------ RECORDS FOR THIS EXERCISE
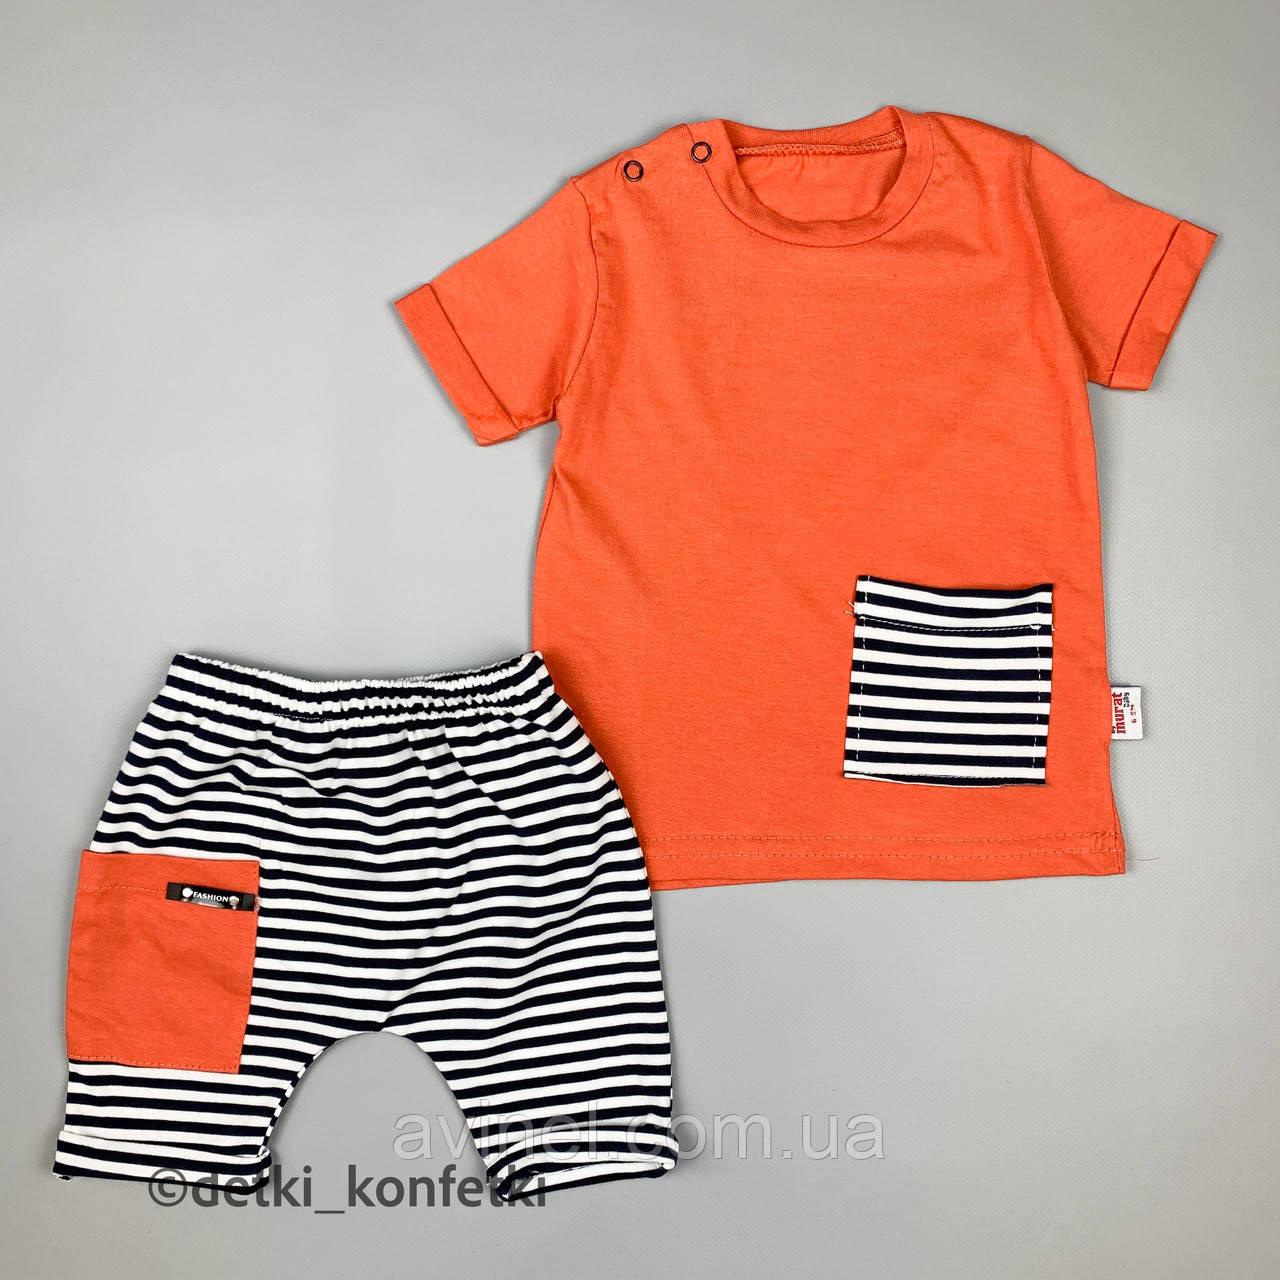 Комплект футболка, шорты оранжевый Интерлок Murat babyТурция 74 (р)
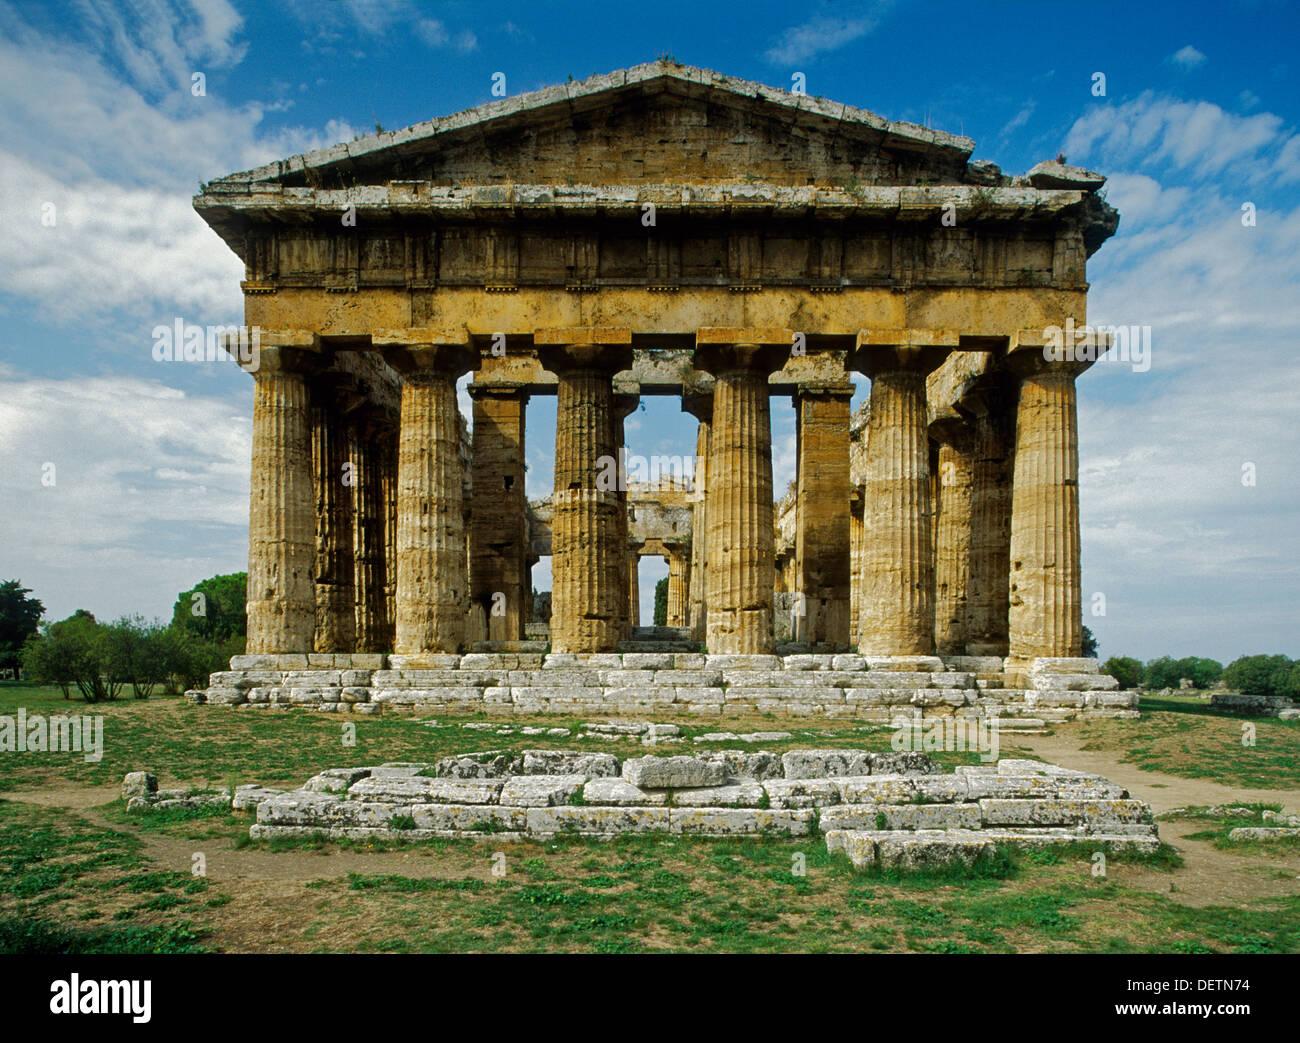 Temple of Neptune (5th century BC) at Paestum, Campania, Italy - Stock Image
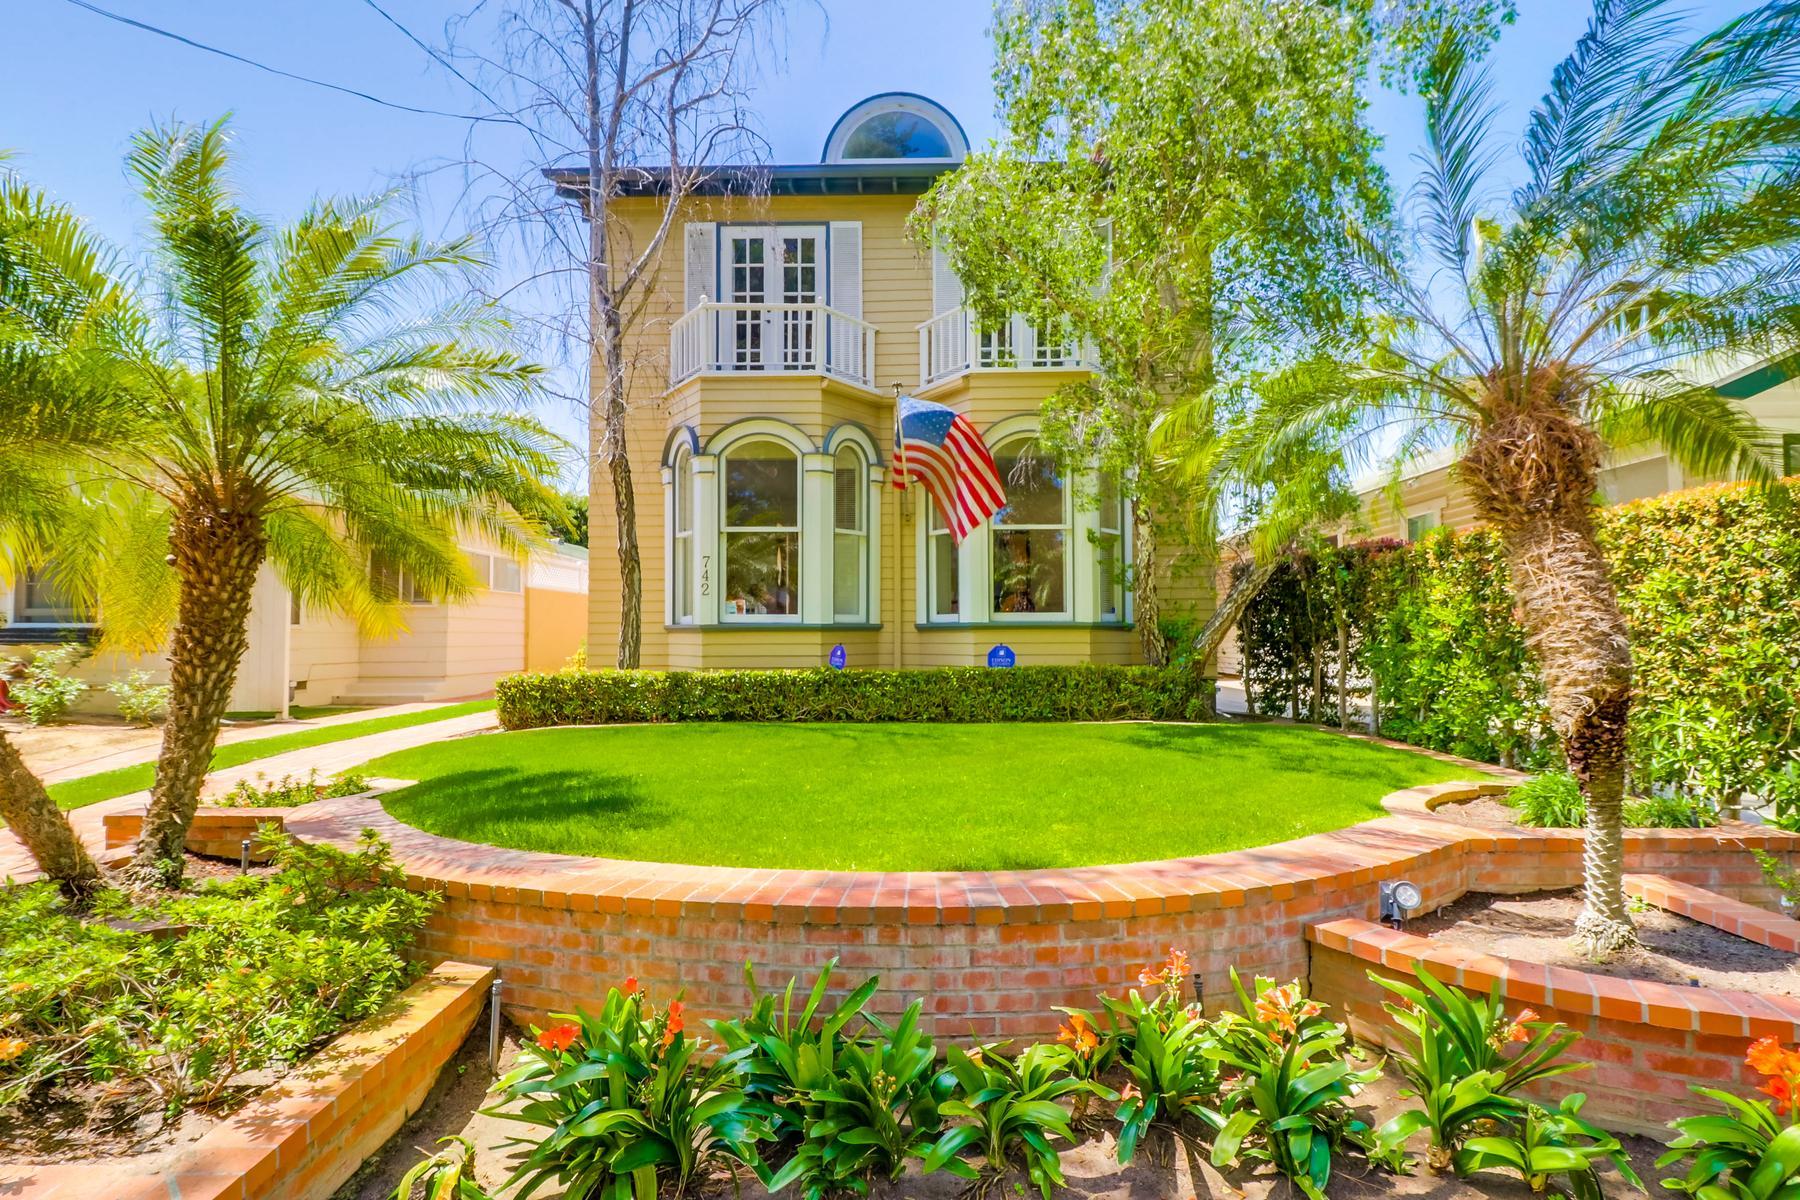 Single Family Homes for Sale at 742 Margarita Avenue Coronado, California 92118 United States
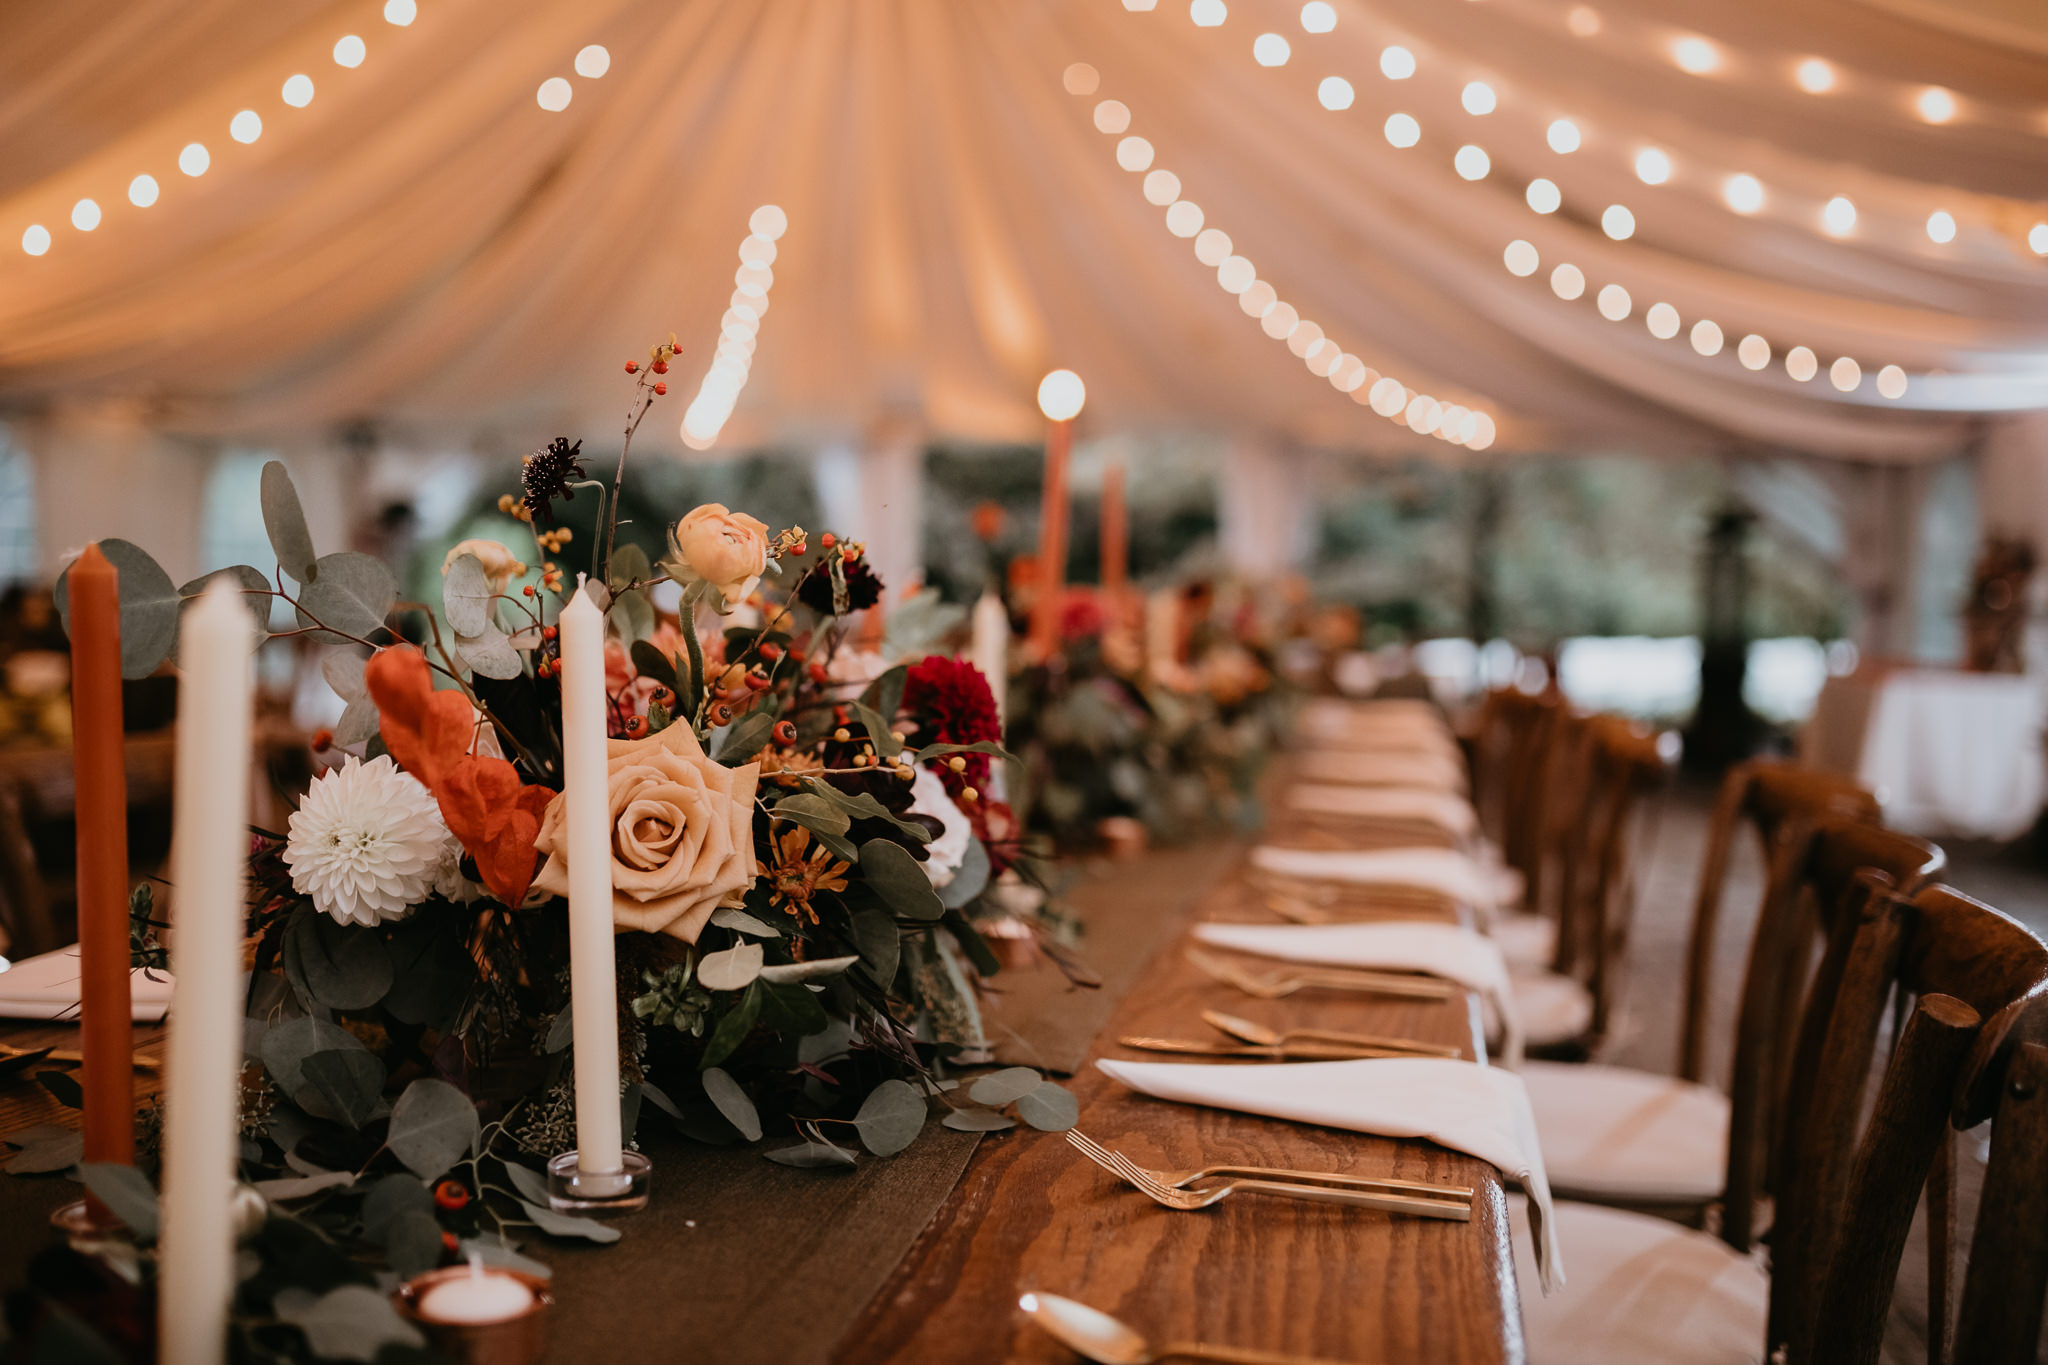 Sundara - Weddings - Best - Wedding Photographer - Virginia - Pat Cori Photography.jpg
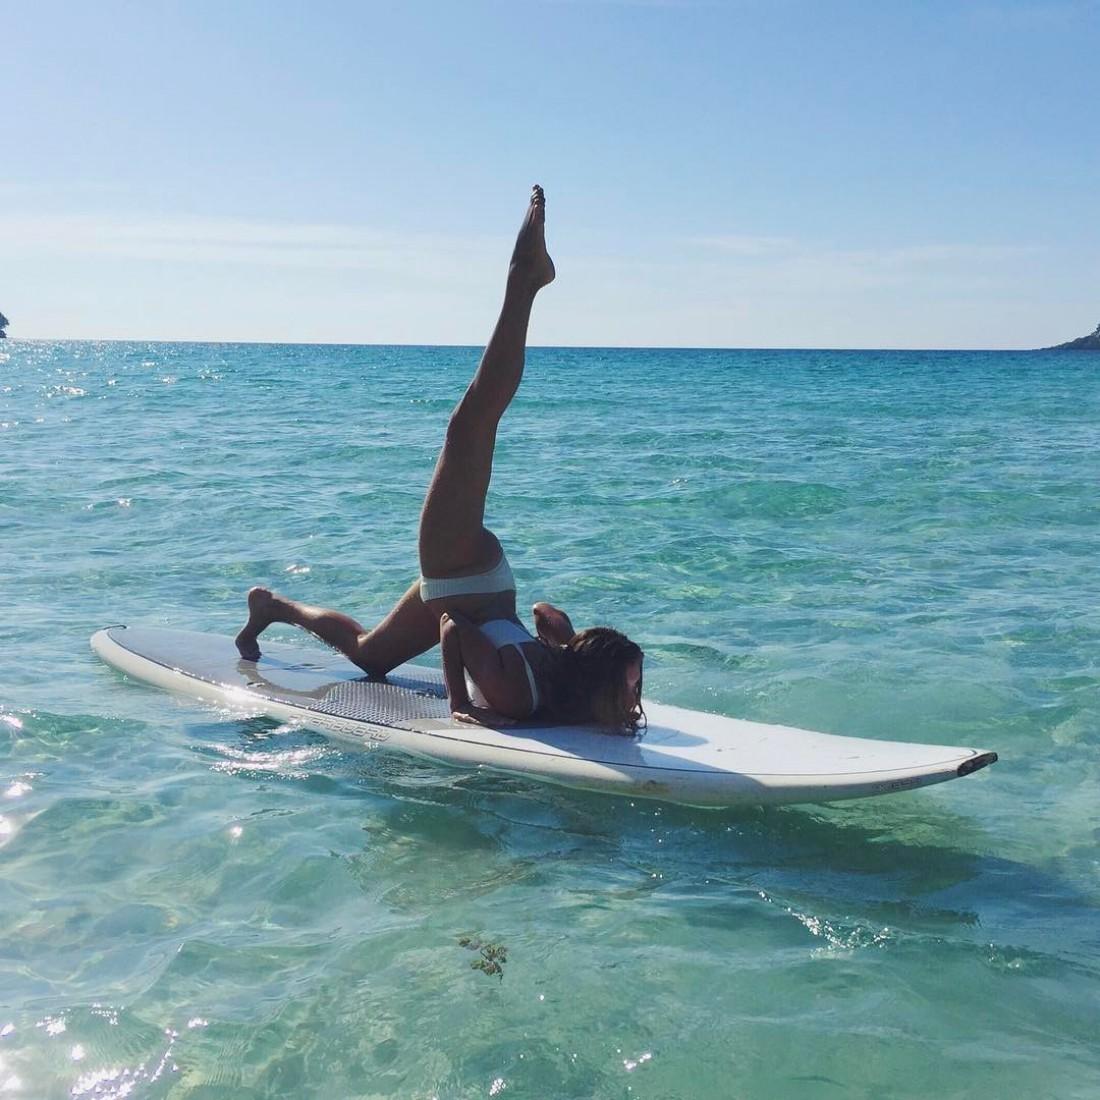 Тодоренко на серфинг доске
------------
# [EXERCISE OBJECTIVE]
An exact transcription of all the entries is required, without the pictures.

# [EXPECTED ANSWER]
 Комплект футболка, шорты оранжевый Интерлок Murat babyТурция 74 (р)
 Temple of Neptune (5th century BC) at Paestum, Campania, Italy - Stock Image
 Single Family Homes for Sale at 742 Margarita Avenue Coronado, California 92118 United States
 Sundara - Weddings - Best - Wedding Photographer - Virginia - Pat Cori Photography.jpg
 Тодоренко на серфинг доске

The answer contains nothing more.